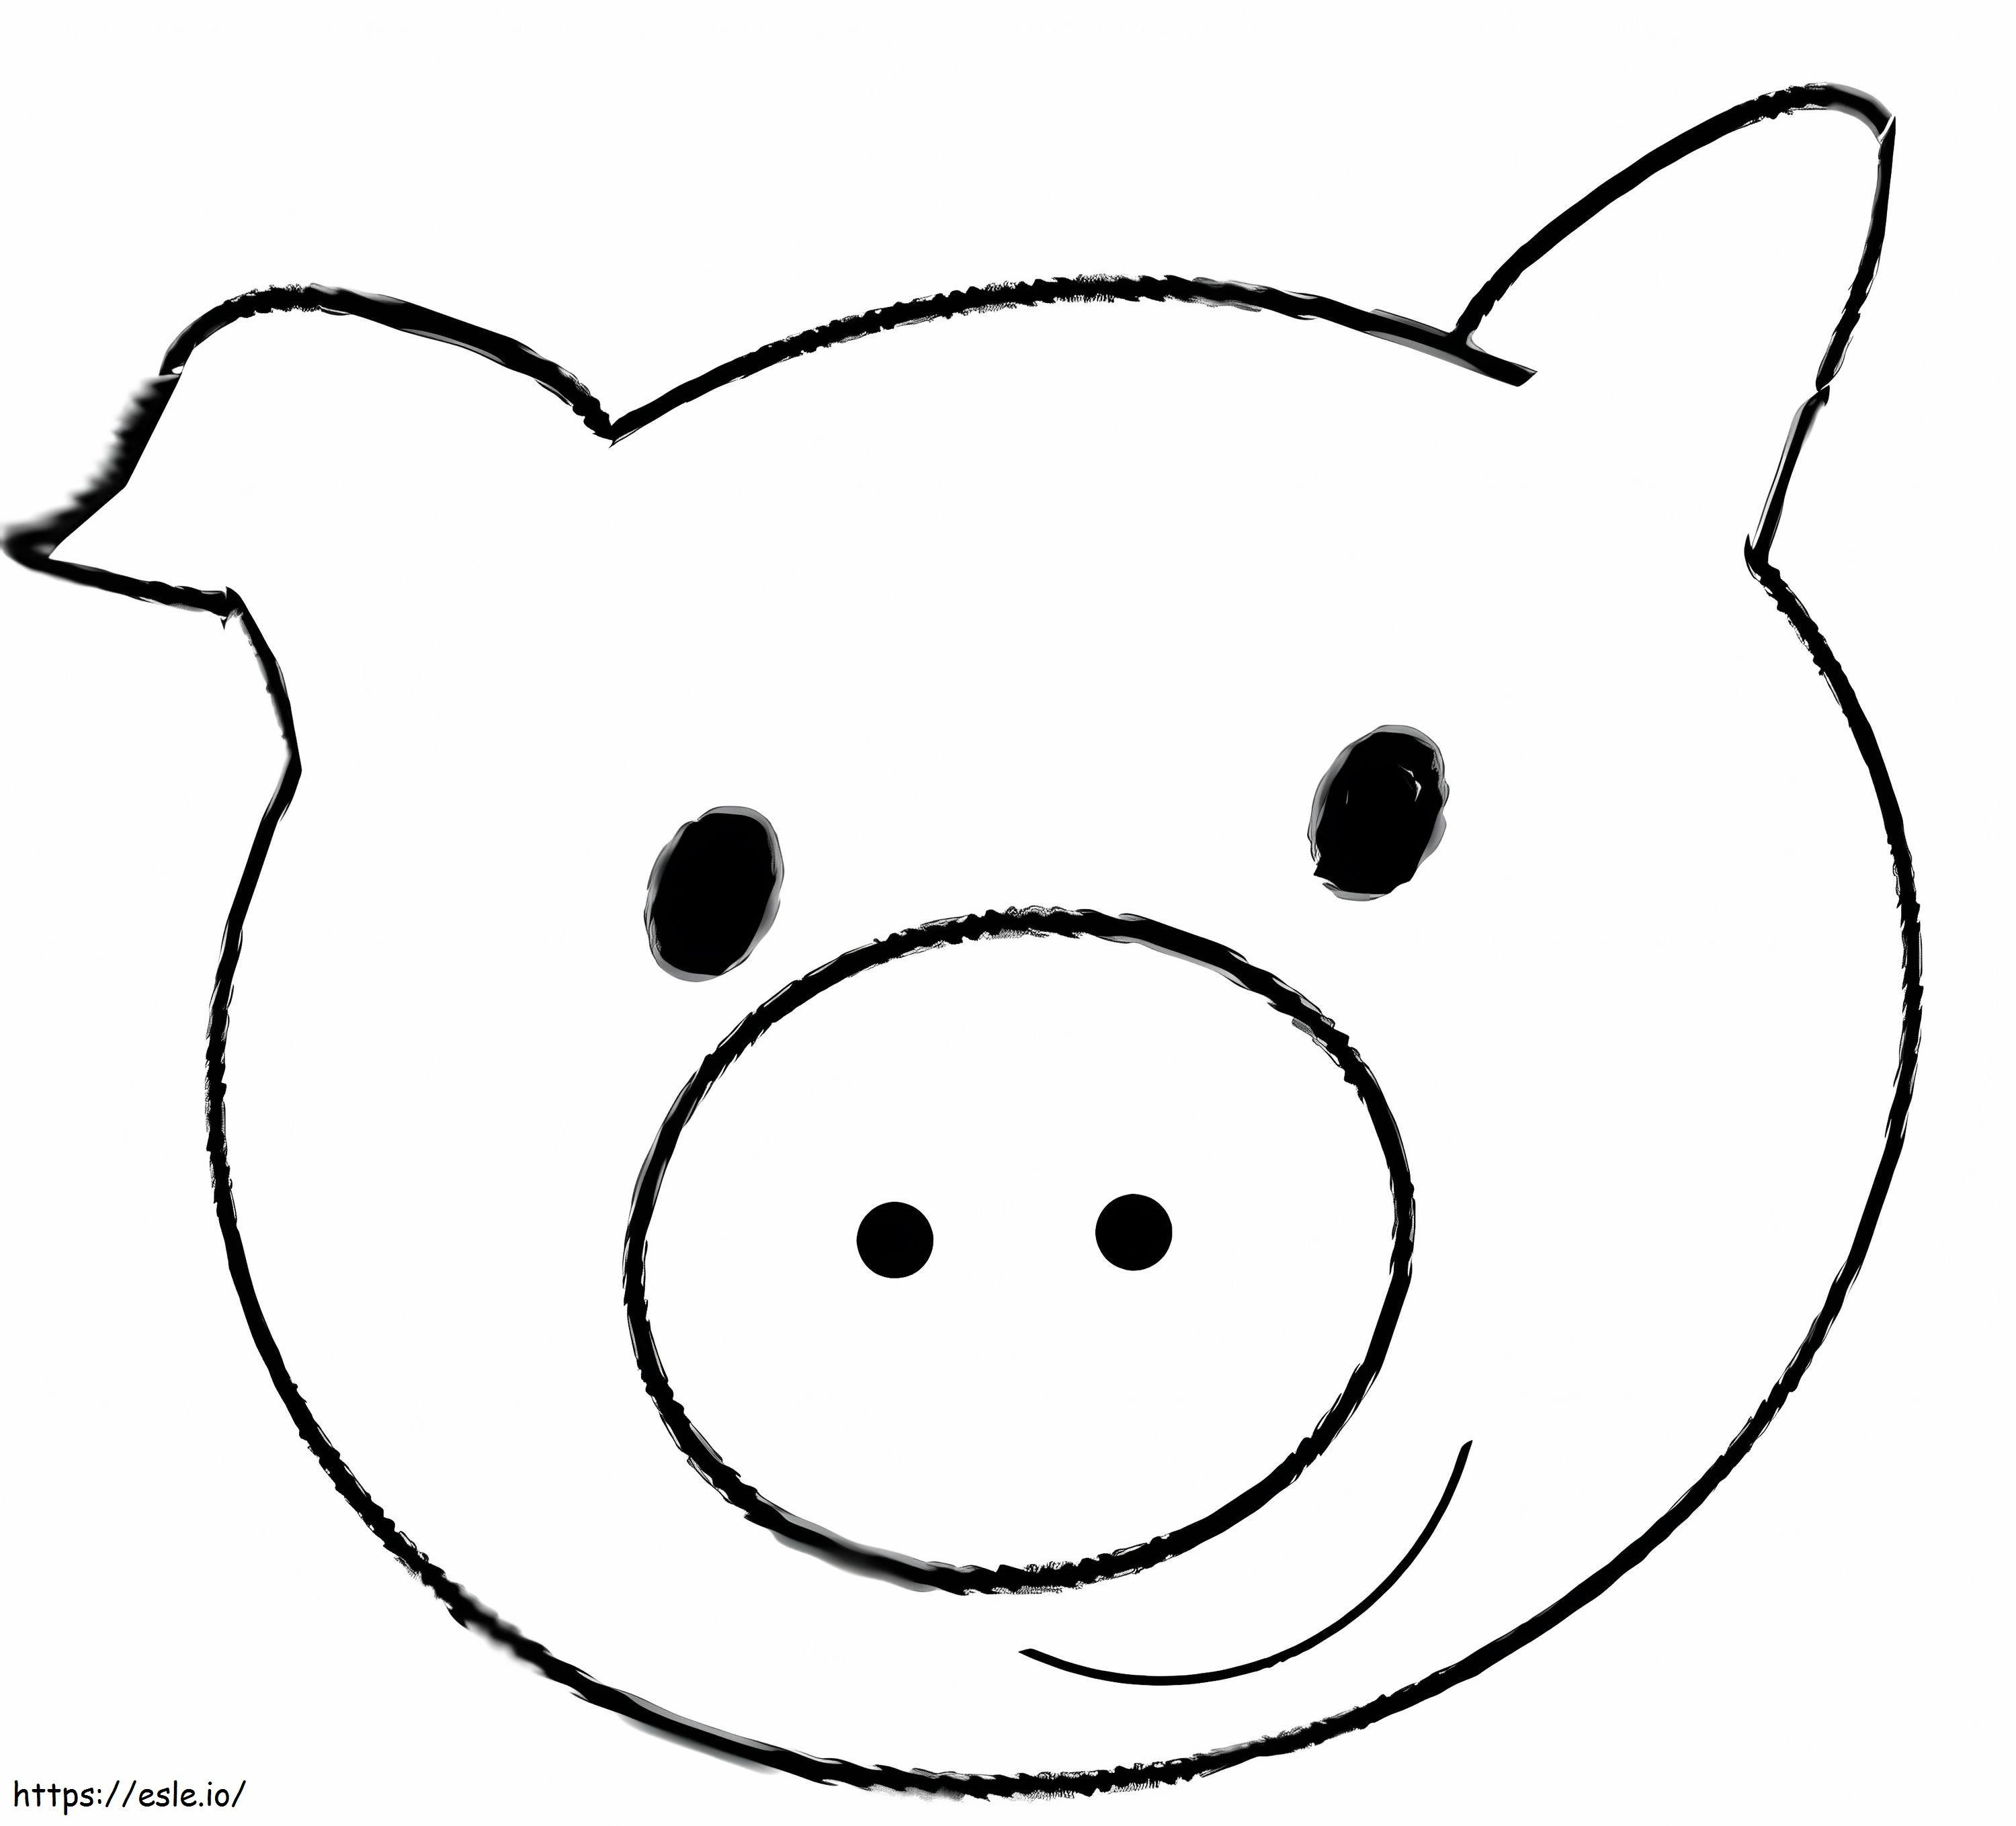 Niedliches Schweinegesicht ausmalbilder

...

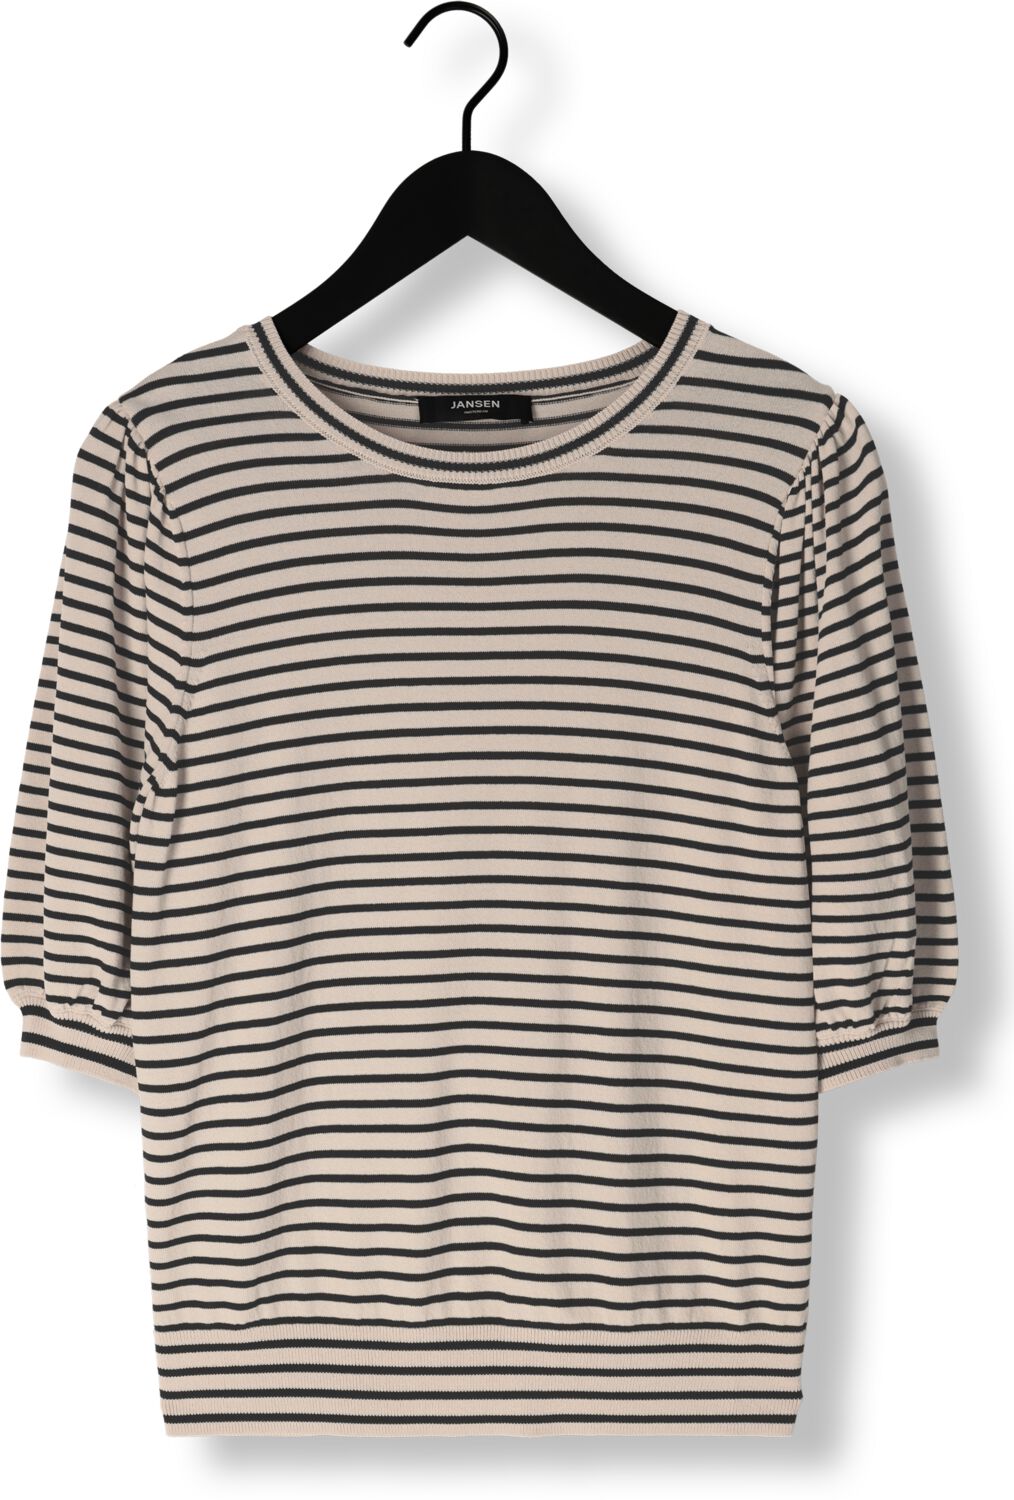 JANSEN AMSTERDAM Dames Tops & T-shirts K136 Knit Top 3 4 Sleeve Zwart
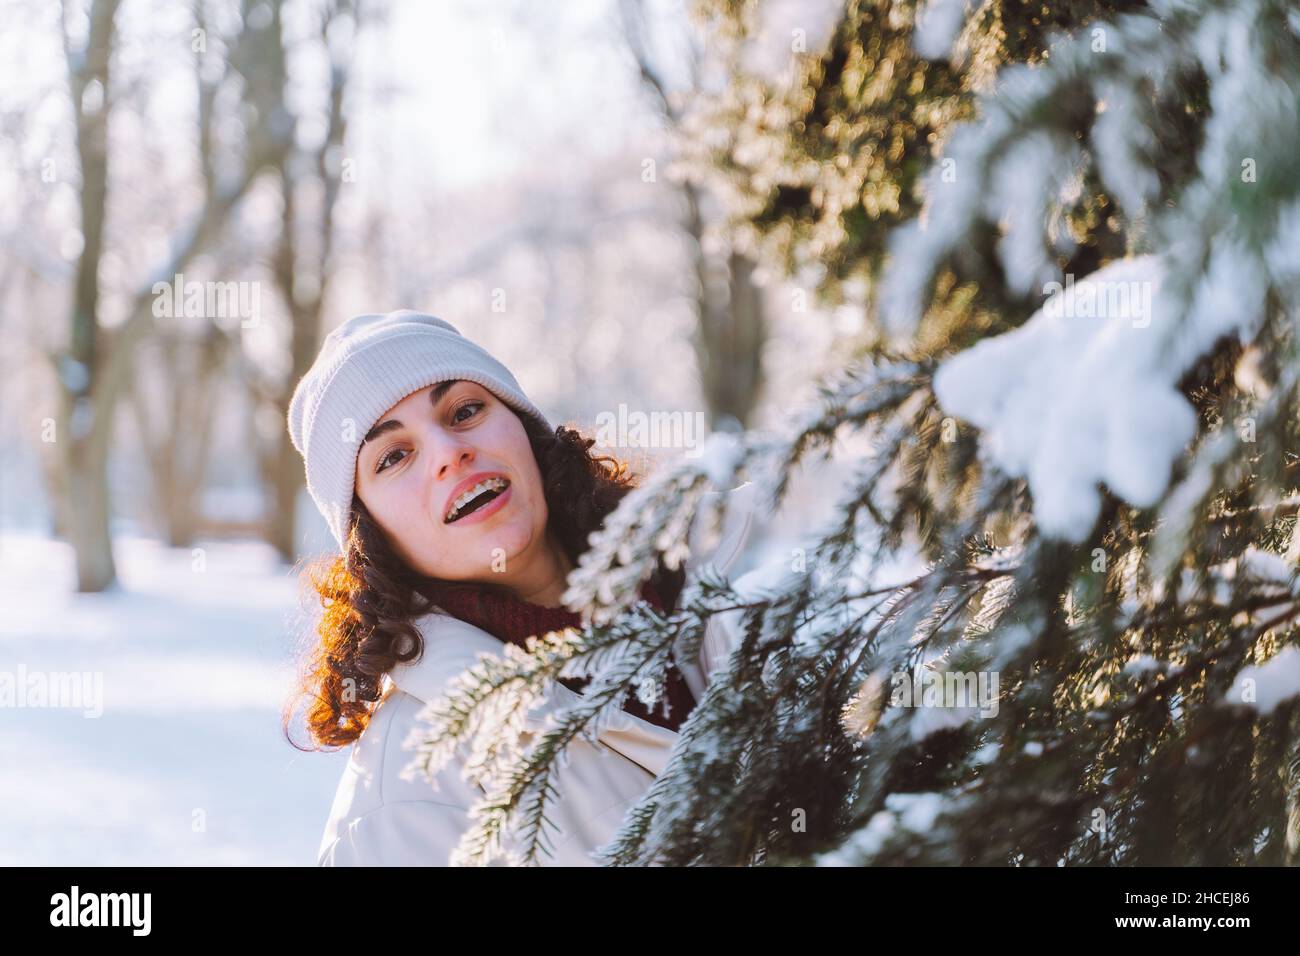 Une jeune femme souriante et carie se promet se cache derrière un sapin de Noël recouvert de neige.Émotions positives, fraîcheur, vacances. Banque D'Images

DESCRIPTION OF THE TASK ▸
Leaving all pictures out, output exactly the lines of the material above from the line with "JANSEN AMSTERDAM Dames" to the line with "Une jeune femme", both included.

RESULT FOR THIS EXERCISE ▸
 JANSEN AMSTERDAM Dames Tops & T-shirts K136 Knit Top 3 4 Sleeve Zwart
 Une jeune femme souriante et carie se promet se cache derrière un sapin de Noël recouvert de neige.Émotions positives, fraîcheur, vacances. Banque D'Images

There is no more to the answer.